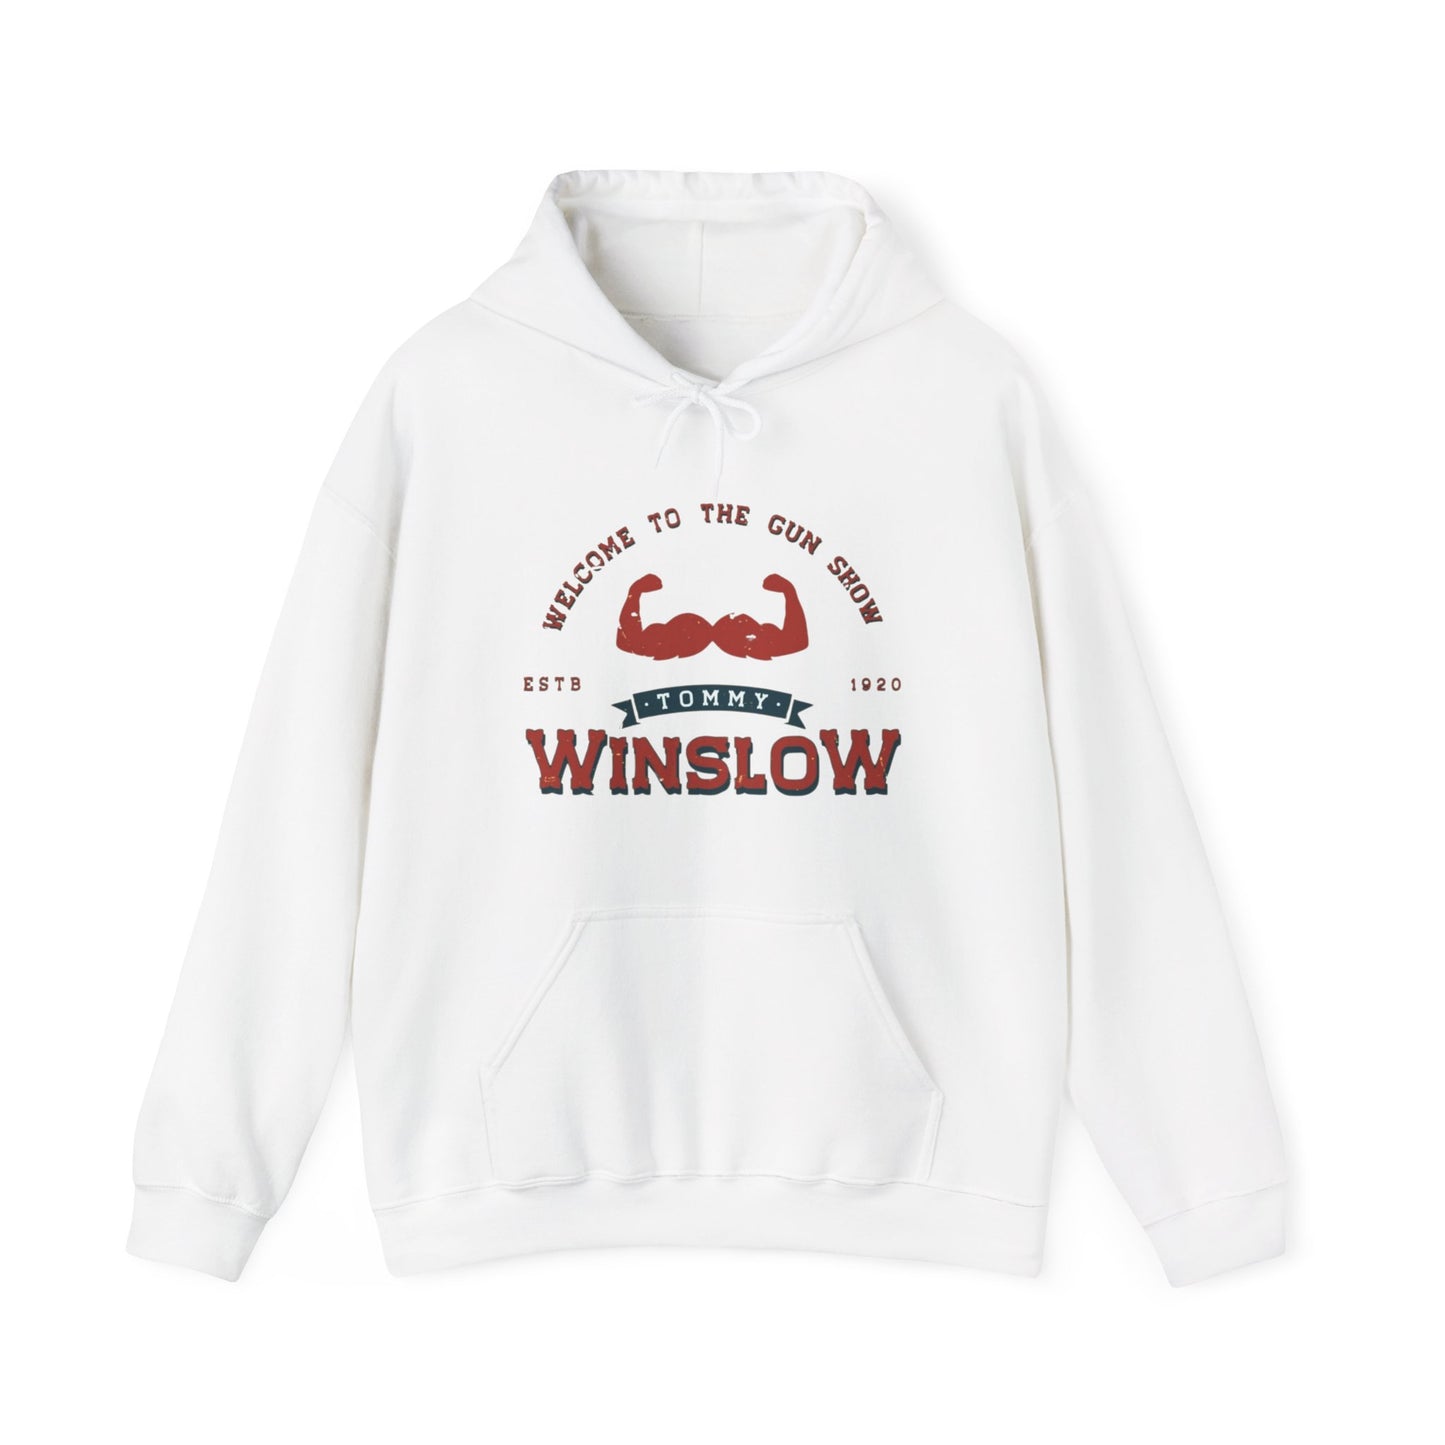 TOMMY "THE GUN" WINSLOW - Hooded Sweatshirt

* * *

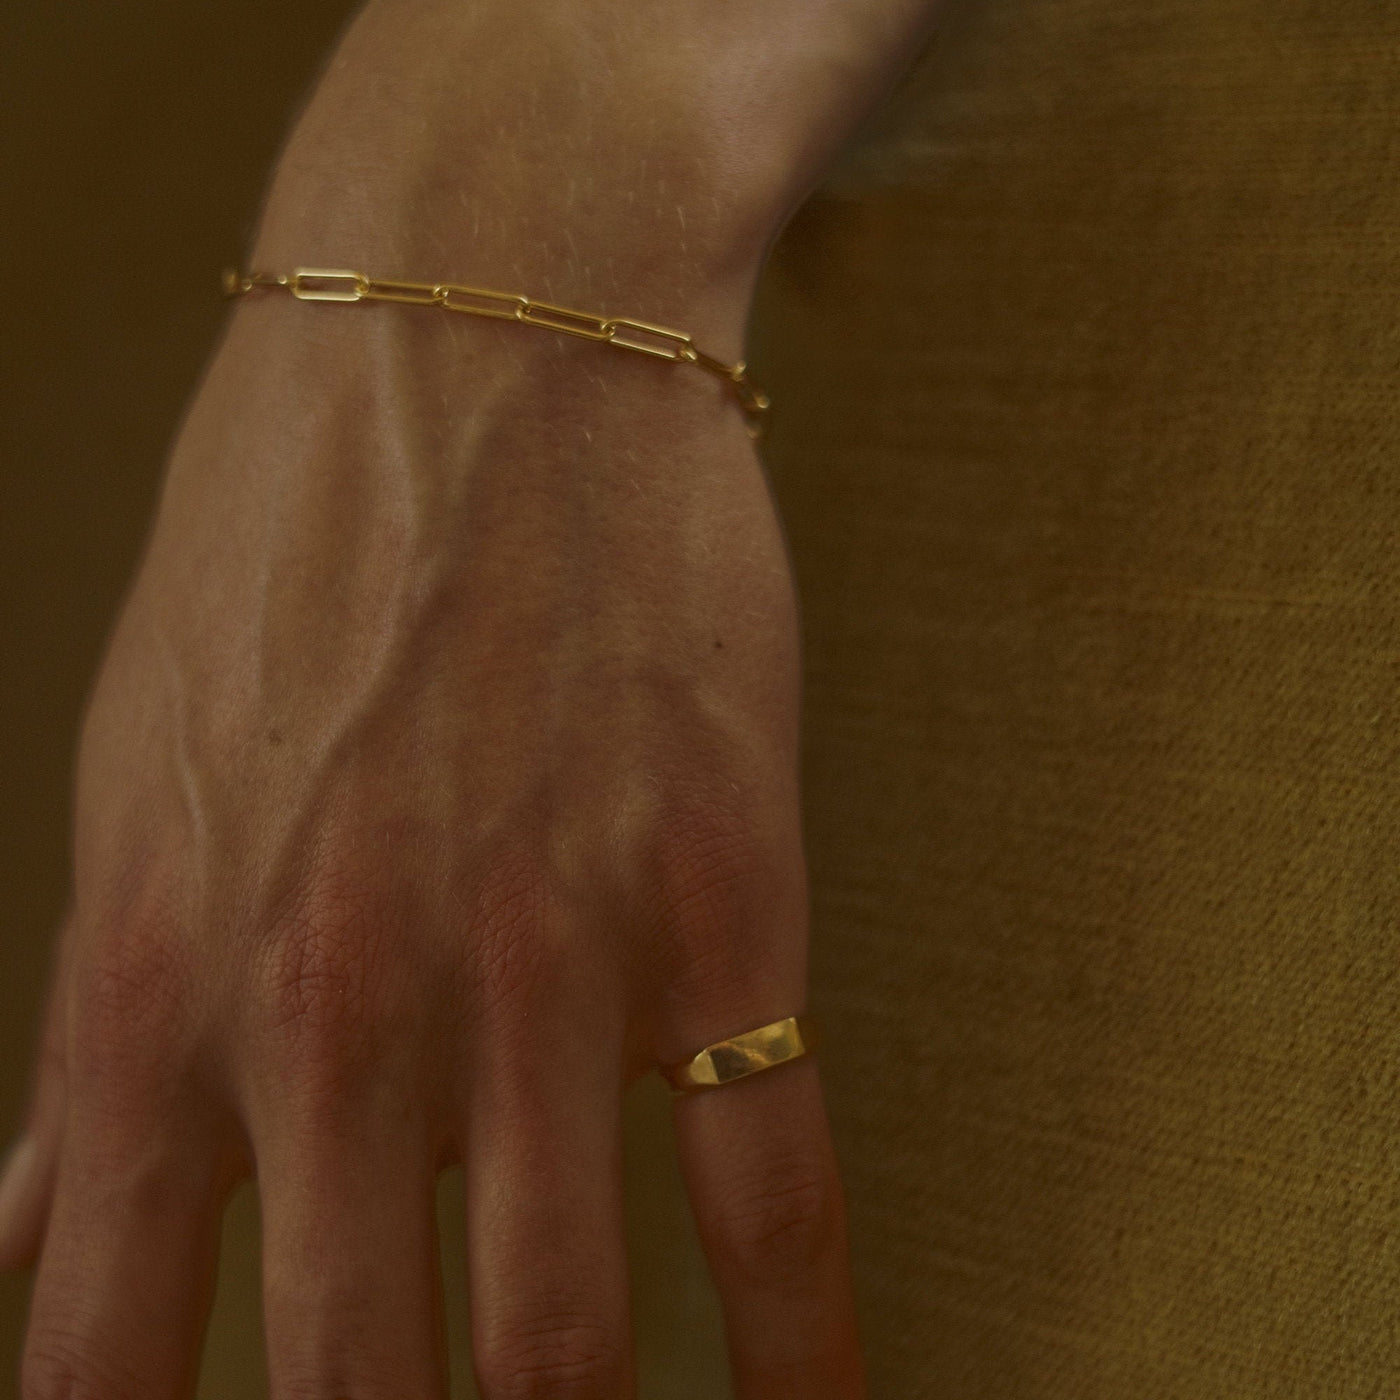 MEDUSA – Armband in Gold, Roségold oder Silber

--

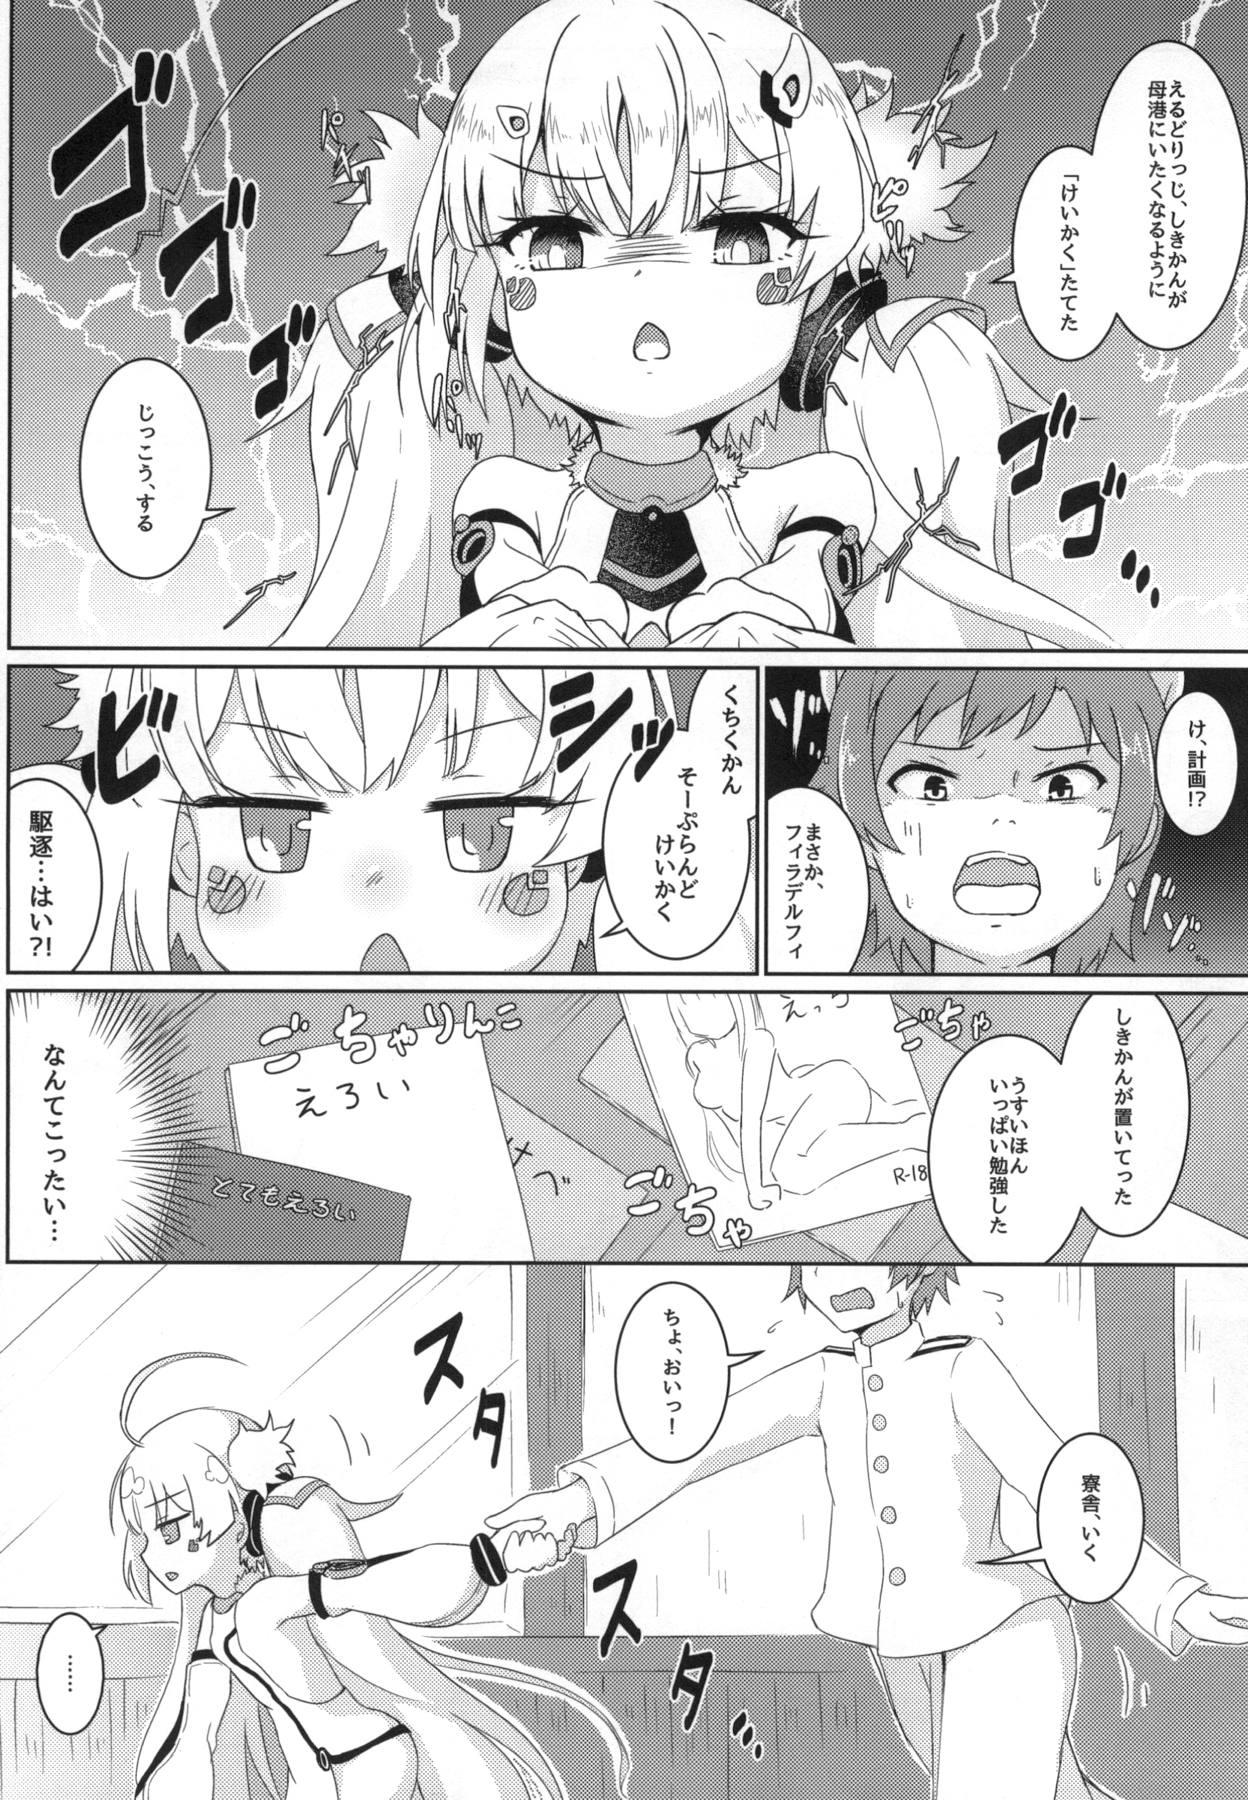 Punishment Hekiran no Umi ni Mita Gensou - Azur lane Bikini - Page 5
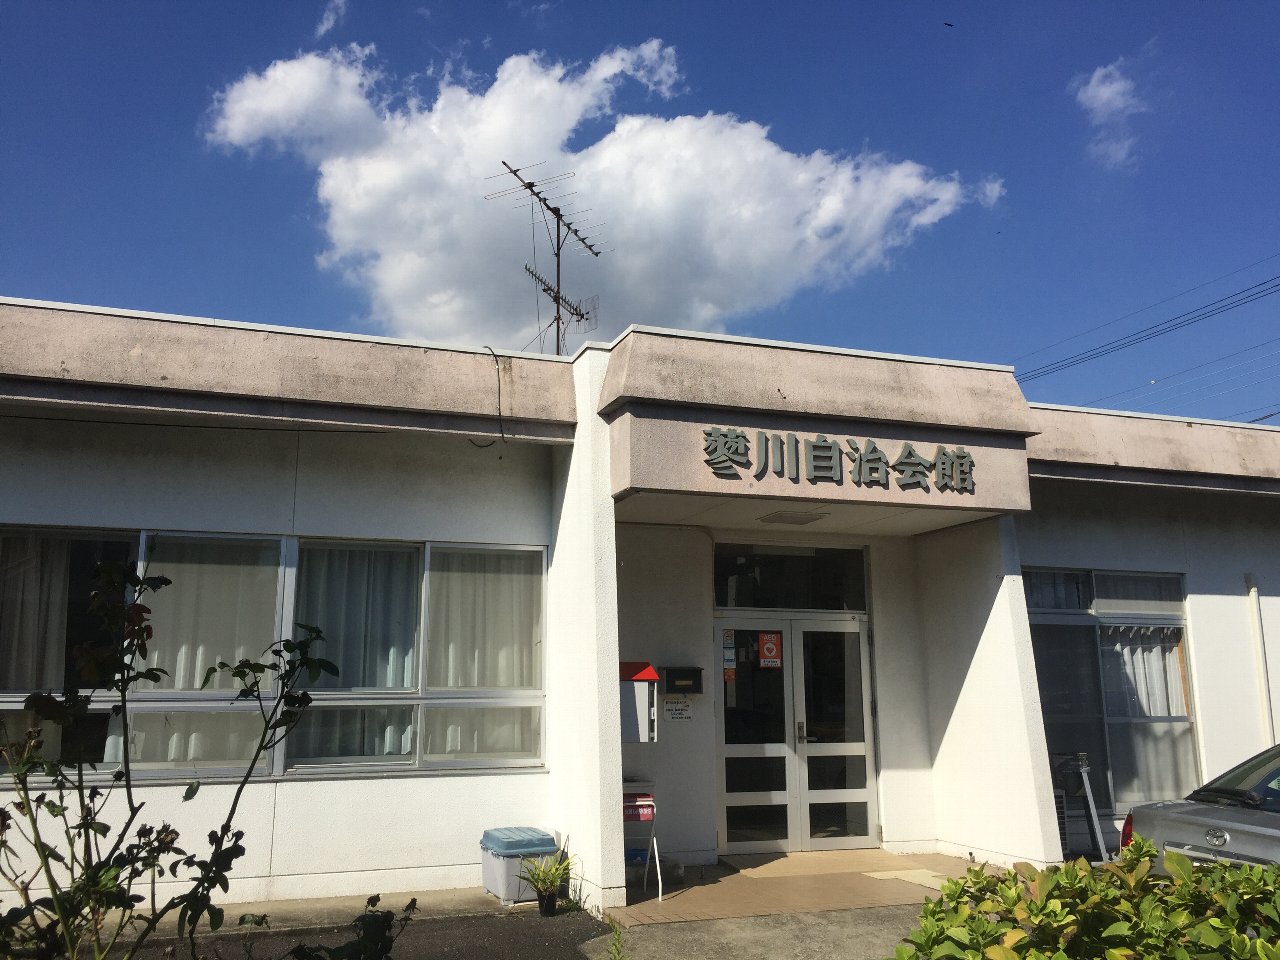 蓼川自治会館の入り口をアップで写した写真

◆ **Exercise objective**
Using the data above, return the lines from the one holding "Punishment Hekiran no" through the one holding "蓼川自治会館の入り口をアップで写した写真" exactly, but not the pictures.

◆ **Task solution**
 Punishment Hekiran no Umi ni Mita Gensou - Azur lane Bikini - Page 5
 蓼川自治会館の入り口をアップで写した写真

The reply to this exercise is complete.